4. a. This sketch is a humorous exaggeration of Goffman's (1967: 10) apophthegm that "while [our] social face can be [our] most personal possession and the center of [our] security and pleasure, it is only on loan to [us] from society; it will be withdrawn unless [we] conduct [ourselves] in a way that is worthy of it." Face, in other words, is precious and precarious: it matters enormously to each individual but is "regulated" (often, it seems, capriciously or whimsically) by the group. The tiniest little deviation from socially appropriate behavior can threaten it; and a social ripple effect can escalate threats until they become disastrous. The ripple effect in this sketch stems from the restaurant staff's oversensitivity to face-threats, exaggerated worry about the threats the dirty fork poses directly to the customers' and indirectly to the restaurant's face; their extreme worry about face-loss causes them to escalate the incident to calamitous proportions.

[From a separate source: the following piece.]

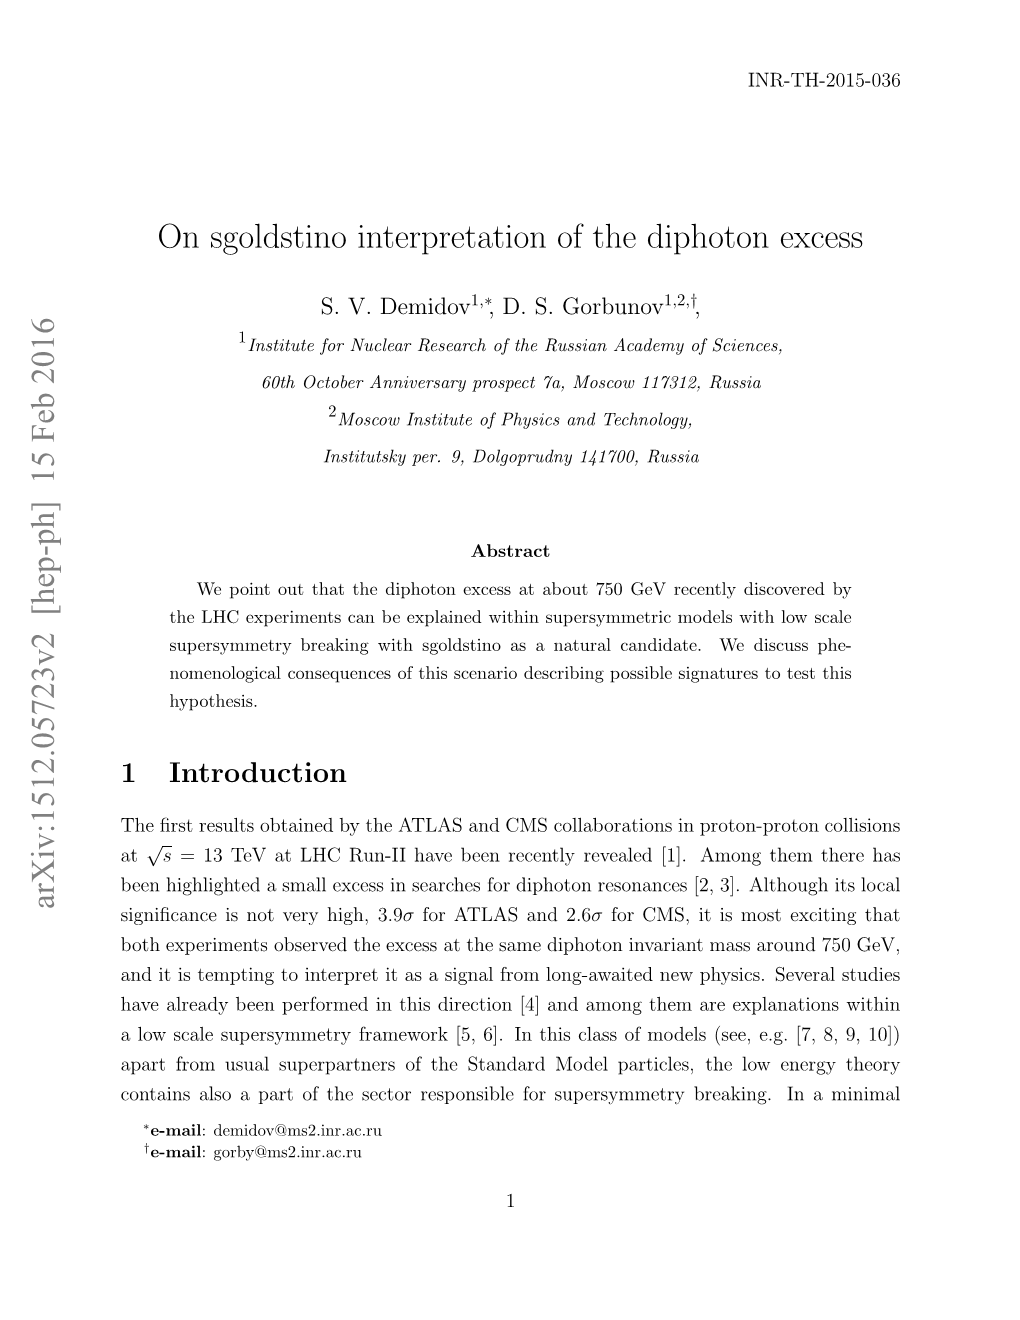 On Sgoldstino Interpretation of the Diphoton Excess
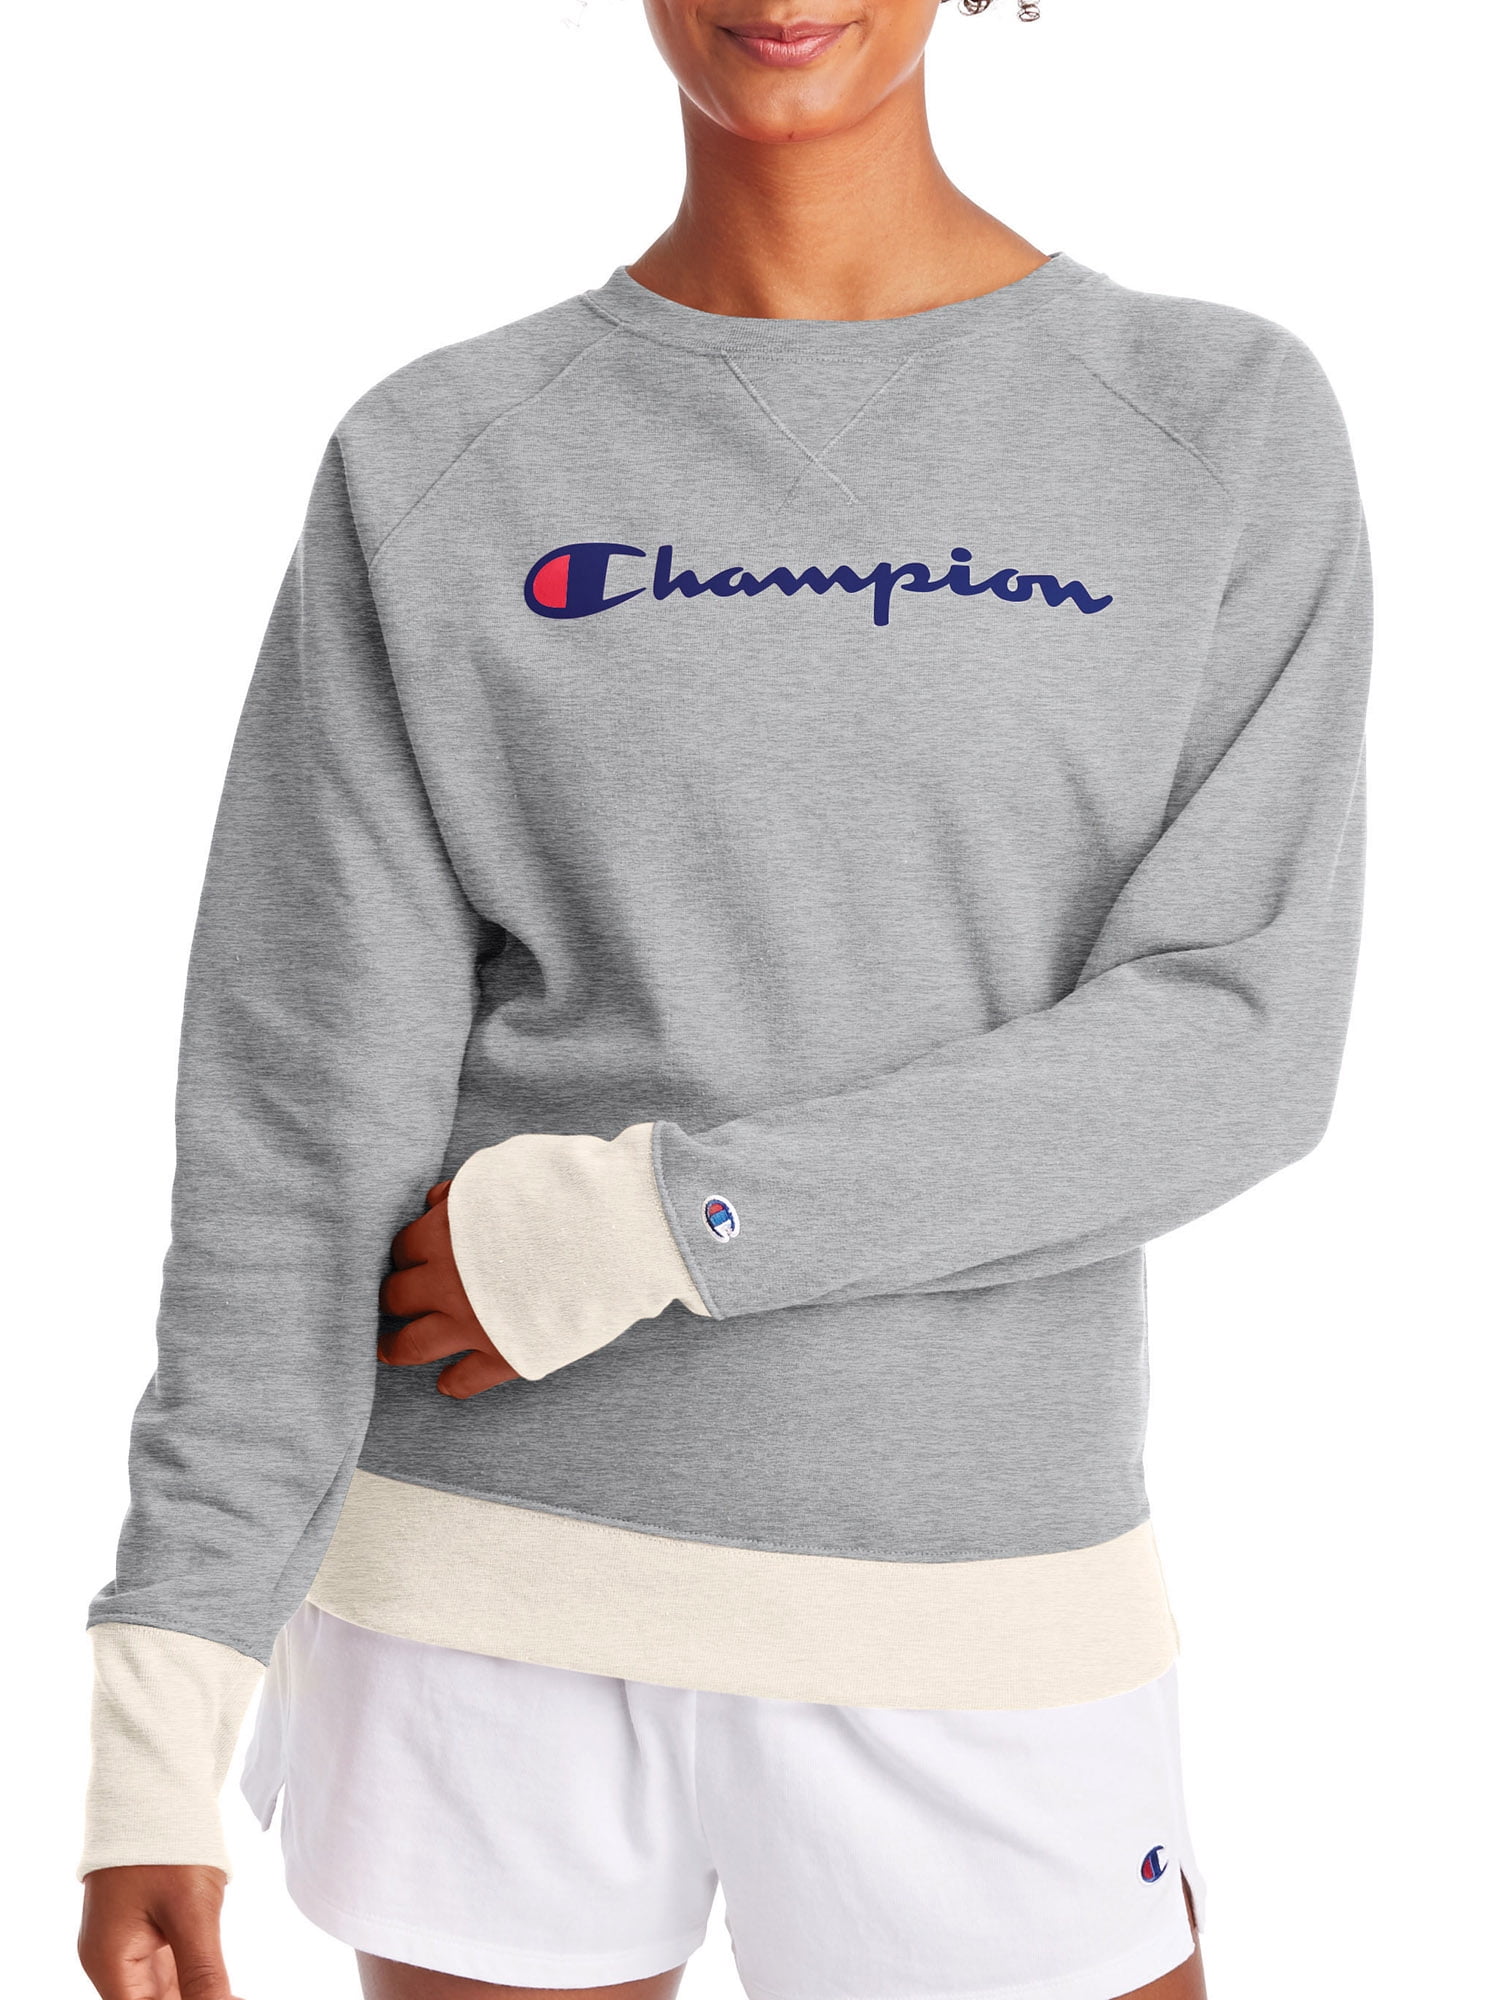 champion jumper womens grey

b. Structurally, in terms of the management of face-threats in general (leaving intensity out of the equation), "Never kill a customer" is identical to "Never give a customer a dirty fork." It does manage a face-threat, obviously: if Mungo the Chef really had killed the customer (or a waiter had gone ahead and given the customer the dirty fork), the customer would have lost face—literally, in Mungo's case, since his cleaver is aimed directly for the customer's face. But also, and more important, it isn't the sort of thing a head waiter would want to say to a member of his staff in the presence of a customer, and the customer's physical presence when such an instruction was given would tend to threaten everyone's face: the reprimanded person's, because it makes him look like an idiot in front of the customer; the customer's, because he thus becomes the cause of the reprimanded person's face-loss; and the reprimander's, because he is revealed in front of the customer as someone so little in control of his staff that he has to reprimand them in public. As the management of face-threats go, of course, "Never kill a customer" is just slightly more intense than "Never give a customer a dirty fork"!